On the morning of October 18,...

On the morning of October 18, 1918, the second battalion of the One Hundred and Fifth Infantry Regiment, holding the extreme right flank of the division, found that the enemy was firing on it from three points, front, right flank, and rear. This was due to the division on our right being unable to keep up with us. There was open ground on our left, so it was impossible to join the rest of the division, and it was inadvisable because it would have widened the gap between us and the division on our right, which was fighting its way up, trying to make contact.

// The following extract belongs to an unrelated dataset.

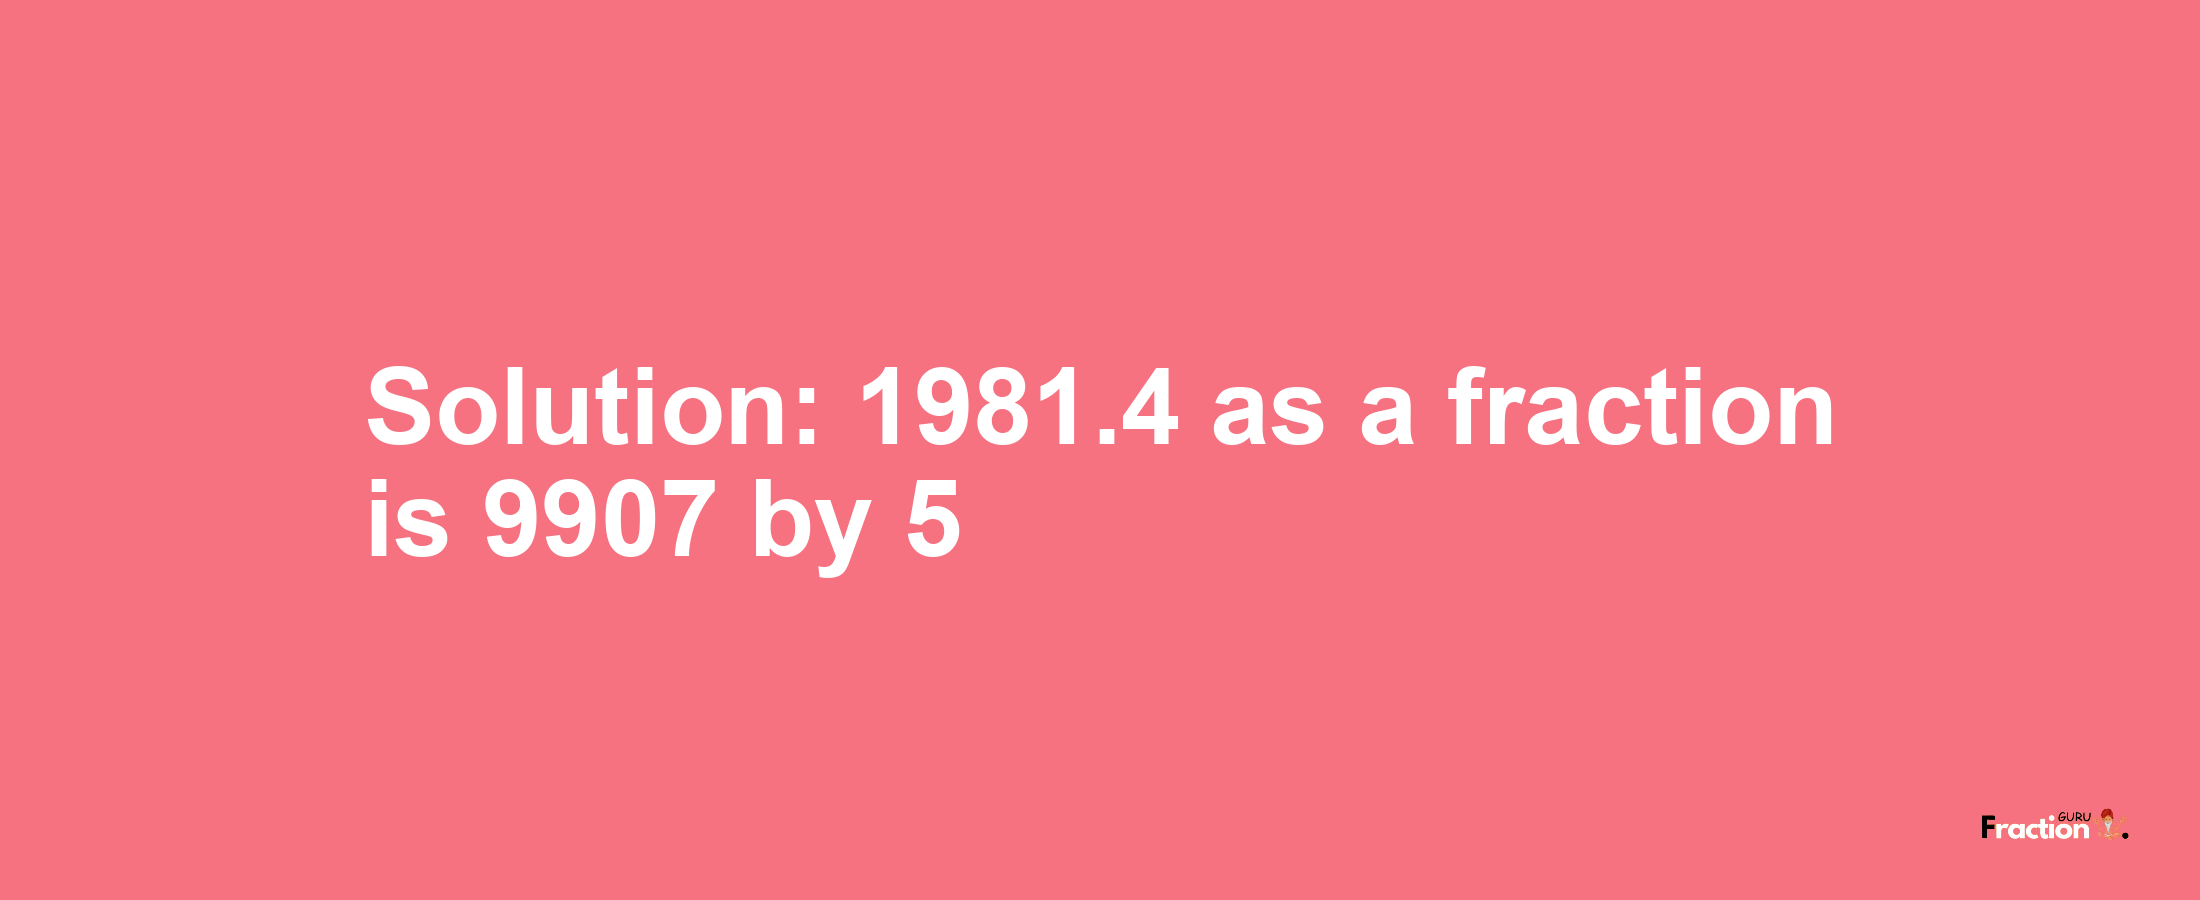 Solution:1981.4 as a fraction is 9907/5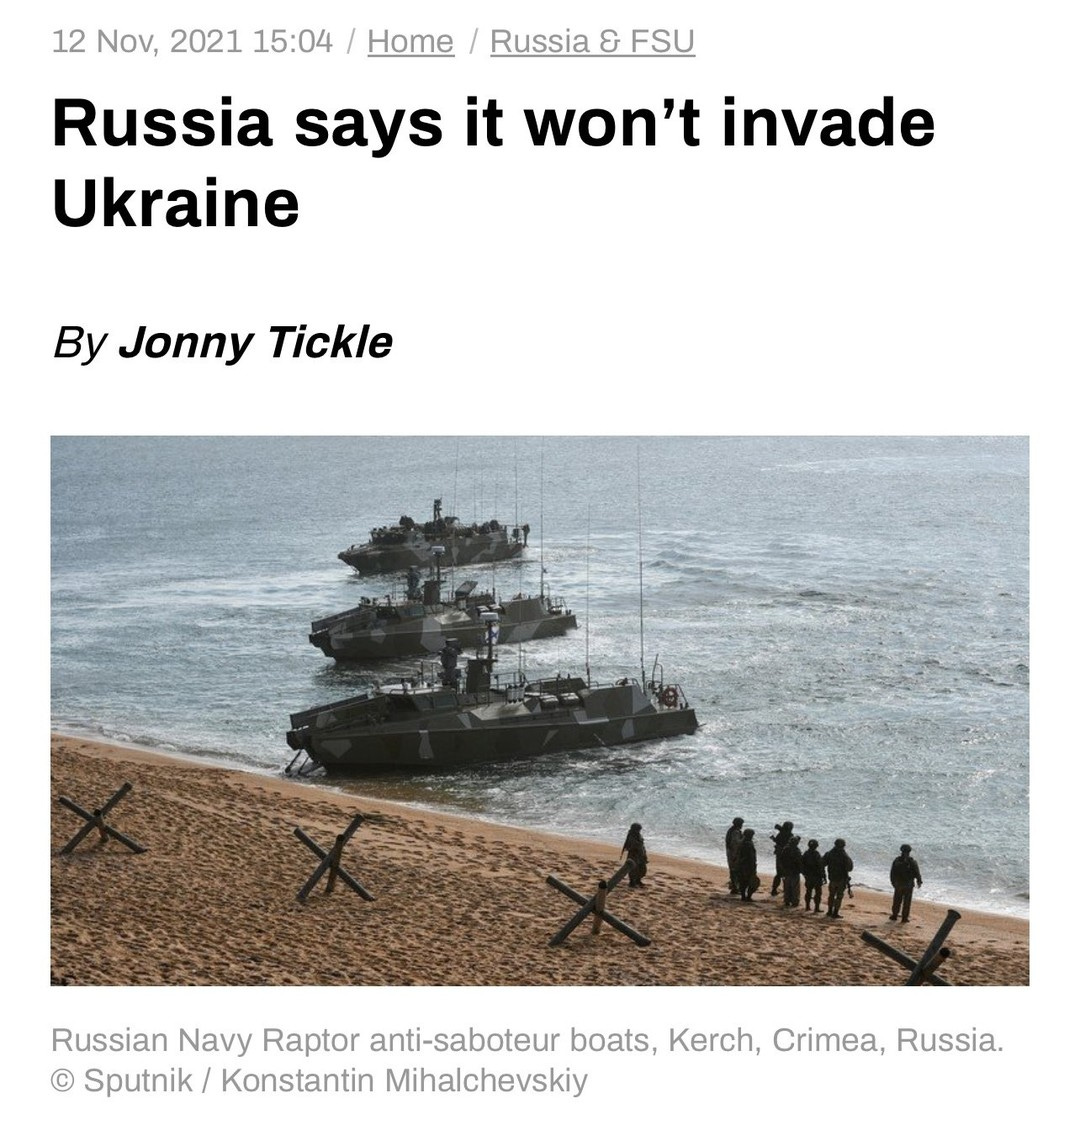 Photo by ian bremmer on March 28, 2024. May be an image of 6 people and text that says 'Home Russia& FSU 12 Nov, 2021 15:04 Russia says it won't invade Ukraine By Jonny Tickle Russian Navy Raptor anti-saboteur boats, Kerch, Crimea, Russia. Sputnik/ Konstantin Mihalchevskiy'.

The firing got so severe from the rear that a volunteer was called for to go through the enemy with a message for reinforcements. As a company runner I stepped forward. The lieutenant said I did not have to go because I was a runner. He would prefer a volunteer, because the odds were so heavy against the runner; in fact, they said it was suicide. Nevertheless I started back, and as I did so, direct machine-gun fire opened up on me. As the first burst of fire whistled and snapped all around, the words of the Lord's Prayer came automatically to my lips and continued with me, all through the gauntlet of artillery and machine-gun fire. By the time I reached Battalion Headquarters the prayer was coming from my lips in great gasps, but I was unhurt. I returned with the reinforcements without meeting any resistance, and I was told later that the machine-gun fire had stopped all of a sudden. Incidentally the division on our right did not make contact till the following day.